Concurrency conundrum
The concurrency issues that customers can experience with Redshift is a problem that Diginomica has reported on before, in my story last year of how it prompted a shift from Redshift to Snowflake at food delivery service Deliveroo.
Snowflake tackles this issue by separating compute from storage and spinning up independent compute clusters to host ‘virtual data warehouses’ for specific workloads. These virtual data warehouses can be instantly resized according to need or paused entirely, allowing concurrent workloads to run without impacting each other.
Tanimura, who joined Strava from cloud identity management company Okta in February last year, hadn’t worked with Snowflake before, but says she had been pitched by the company in her previous job and had been intrigued by this separation of compute and storage. As a result, she says, she was excited by the prospect to use it in her new job at Strava.

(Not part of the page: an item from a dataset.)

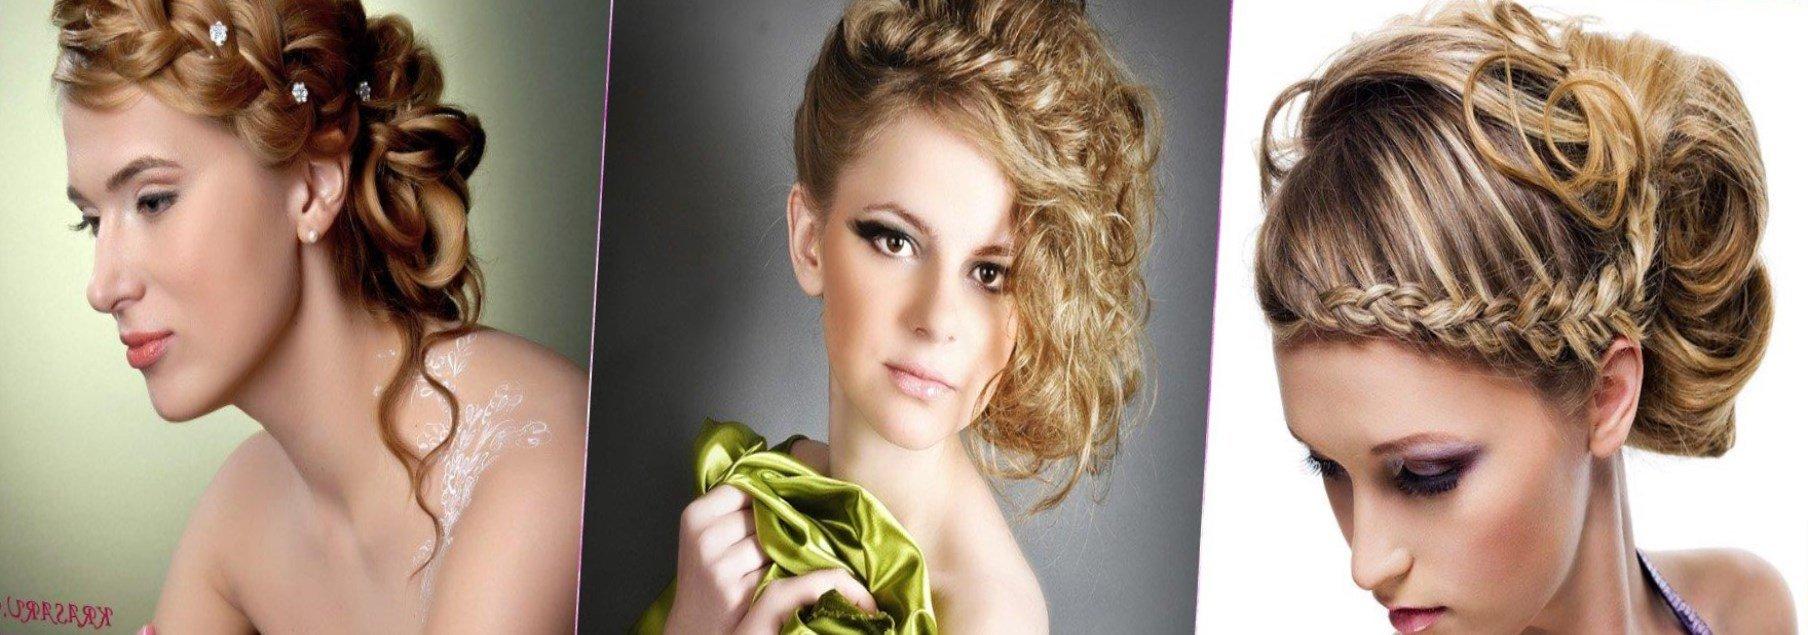 Плетение причесок на короткие волосы фото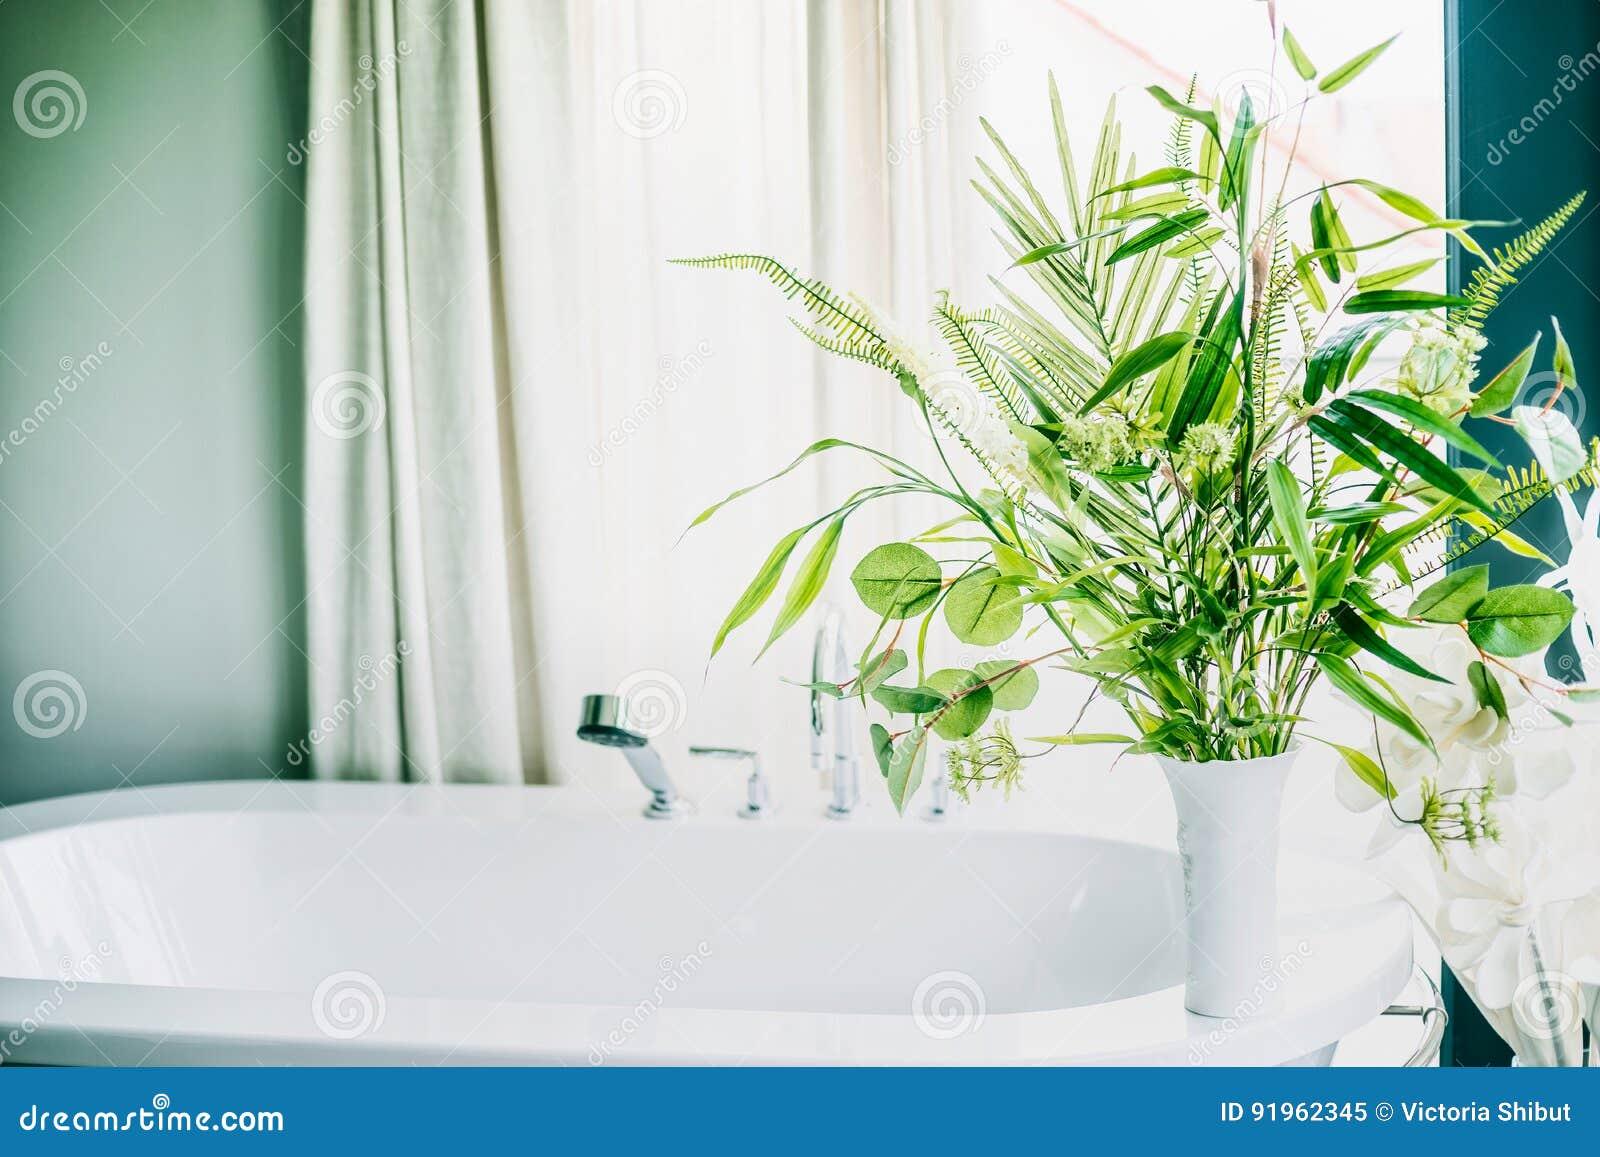 Piante D\'appartamento Verdi In Vaso In Bagno, Interno Della Casa ...

The migration between the two systems, which took place between March and June last year, went pretty smoothly, she says. The vast majority of historical data in Redshift was loaded in bulk into Snowflake - although there was some effort ahead of time to clean up data and remove tables, for example, that were no longer used:
But of course, there was the issue that we have data loading constantly from our athletes around the world throughout the day and night - it never stops. So what we did was we ended up loading in parallel to the two platforms for a cutover period, where we were comparing the two to check our stats looked the same on each and so on. Plus we had a consultancy company help us to port our Looker front-end tools to the new warehouse so we could point our reports at it. It was a fairly big effort, but it was team effort.
New features, new efforts
Where that effort leaves Strava, she ways, is in a much better position to use data to bring new services to its app for users - or ‘athletes’, as the company prefers to call them. These include a launching a ‘relative effort’ score in April 2018, which enables them to compare and contrast heart rate metrics from their wearable device across different fitness activities. Data also powers features such as matched runs and rides, which enables runners and cyclists to benchmark themselves against past performance on their most common routes and social features that enable Strava users to connect and compete with each other.
As new features are launched, data discovery holds an important clue into what’s working and what’s not, says Tanimura:
If we put something new out and we see usage below what we expected, then we can go away and think about whether we’re making users aware of this feature, do they need more help using it and so on. It’s about really understanding athletes and what they need and building a great product for them, as well as turning the data that they’re uploading into formats that are visible and engaging.
These product experiences will hopefully inspire customers to greater efforts on the fitness front. They might even help some of us stick to those all-too-slippery New Year’s resolutions.